80# 3 rep push press is a 5# PR for me

30 Double Unders
30 Jumping Squats (75/55 – use barbell racked on back - used 35# barbell)
15 Ring Dips (black and red bands)
20 Double Unders
20 Jumping Squats
10 Ring Dips
10 Double Unders
10 Jumping Squats
5 Ring Dips


Monday, December 13, 2010



Front Squat
5-5-5 (105-115-105) - 5RM PR

3 rounds
30 box jumps
15 pushups
1 minute handstand hold

Post time plus 10 seconds for every time you come out of the handstand. You must get back into a handstand position within 10 seconds of falling out. Yes, you have to keep track of your handstand times.

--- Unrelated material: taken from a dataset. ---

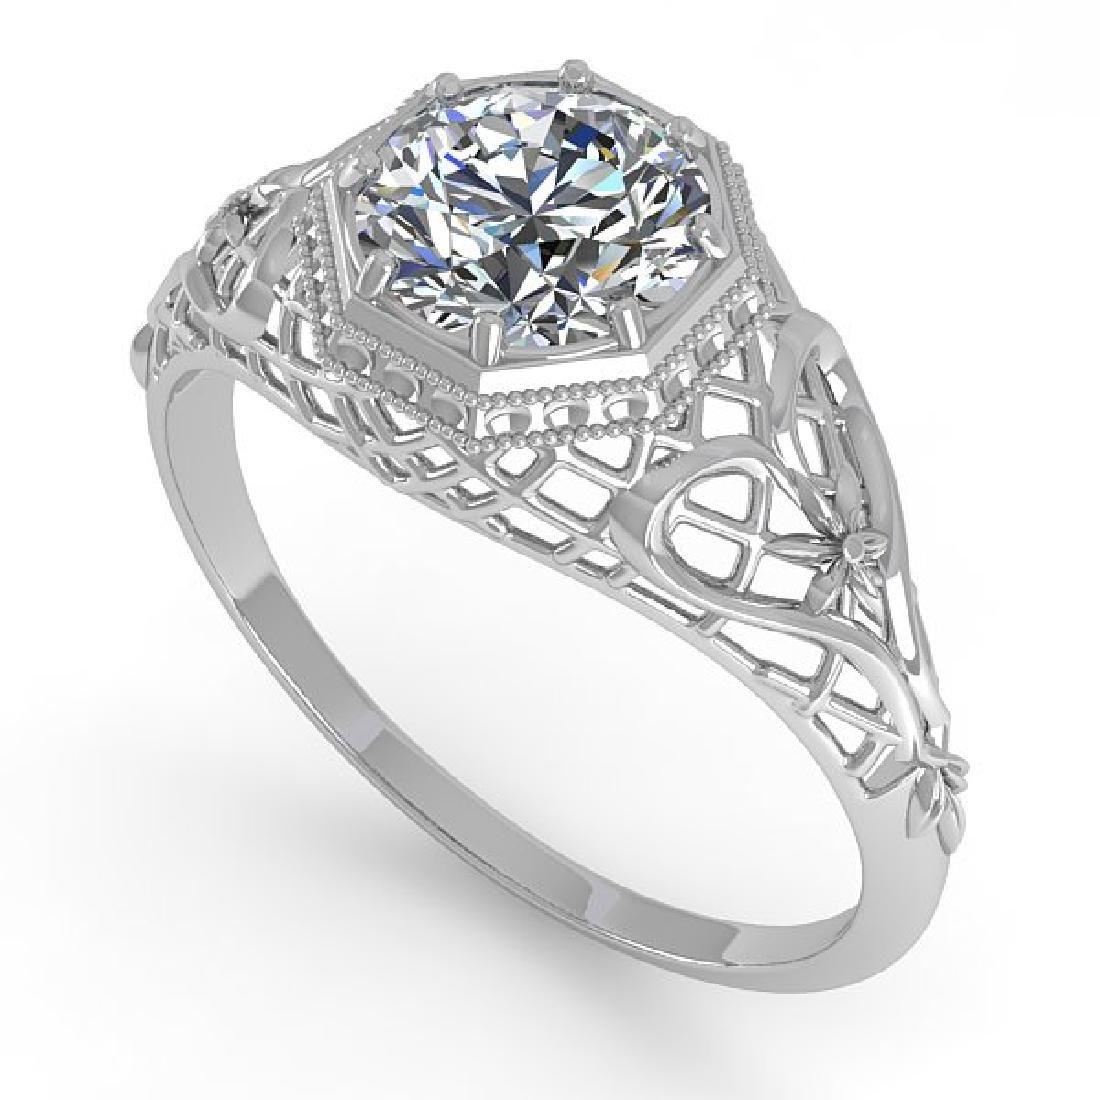 1.01 CTW VS/SI Diamond Solitaire Ring 14K White Gold - 2

This metcon SUCKED! BJs were 4 45# plates (16in, I think)...PUs were on knees...handstand holds were...sucky. First round, I stayed up the full minute. Last two rounds I couldn't even get I walked up the wall, facing the wall. Finished in 11:00 (I just added a full minute for my sucky handstand holds).



Jingle All the Way 10K.

Garmin results: 54:41 / 8:41 min/mile average moving pace.

Official results:

Overall place: 1084/4155 = 26.08%
Overall women place: 393/2523 = 15.58%
Division place: 57/459 =  12.42%
Bib #: 2326 
Gun time: 55:06 
Chip time: 54:34 
Pace: 8:47 
5K: 27:46 



Just Snatch.
Take 20 minutes to work to a 1RM snatch.

Then, take 75-85% of that number and complete 2 snatches on the minute for 12 minutes. Focus on making every rep a good, solid squat snatch. The weight should be heavy but not unreasonable – focus on form and consistency.

1RM snatch was only 45# - still working on form. And getting under the bar (I power snatch much better than I squat snatch...still working on it!)

12 minute metcon - used 35# bar. Last 2 rounds was so tired my form went to shit. Good workout!




135-155-165(F)-135 155 is a new 5RM PR for DLs

4 Rounds:
Max Ring Dips (to be done in one set, without coming off the rings)
Max Kettlebell Swings (1 pood (35#) – also to be done in one set, without putting the bell down)
There is no time component to this WOD – you may rest as necessary between rounds. Score is total reps (ring dips plus swings).

Total score 103

Friday, December 3, 2010



Snatch Balance
1-1-1-1-1 (35-35-35-35-35) Worked on speed and form.

AMRAP 7 Minutes:
10 Power Snatch (95/65) (I used 35#)
5 Handstand Push Ups (I did dumbbell presses w/ 20# DBs)
Completed 4 rounds plus 2 Power Snatches

Thursday, December 2, 2010



3-3-3 (75-85-75)

3 Rounds:
6 Deadlift (275/185) I used 125#
9 Ring Dips (w/ black and red bands)
12 Box Jumps (24/20) (I used the 20# box and cycled my BJs! This was a first for me!)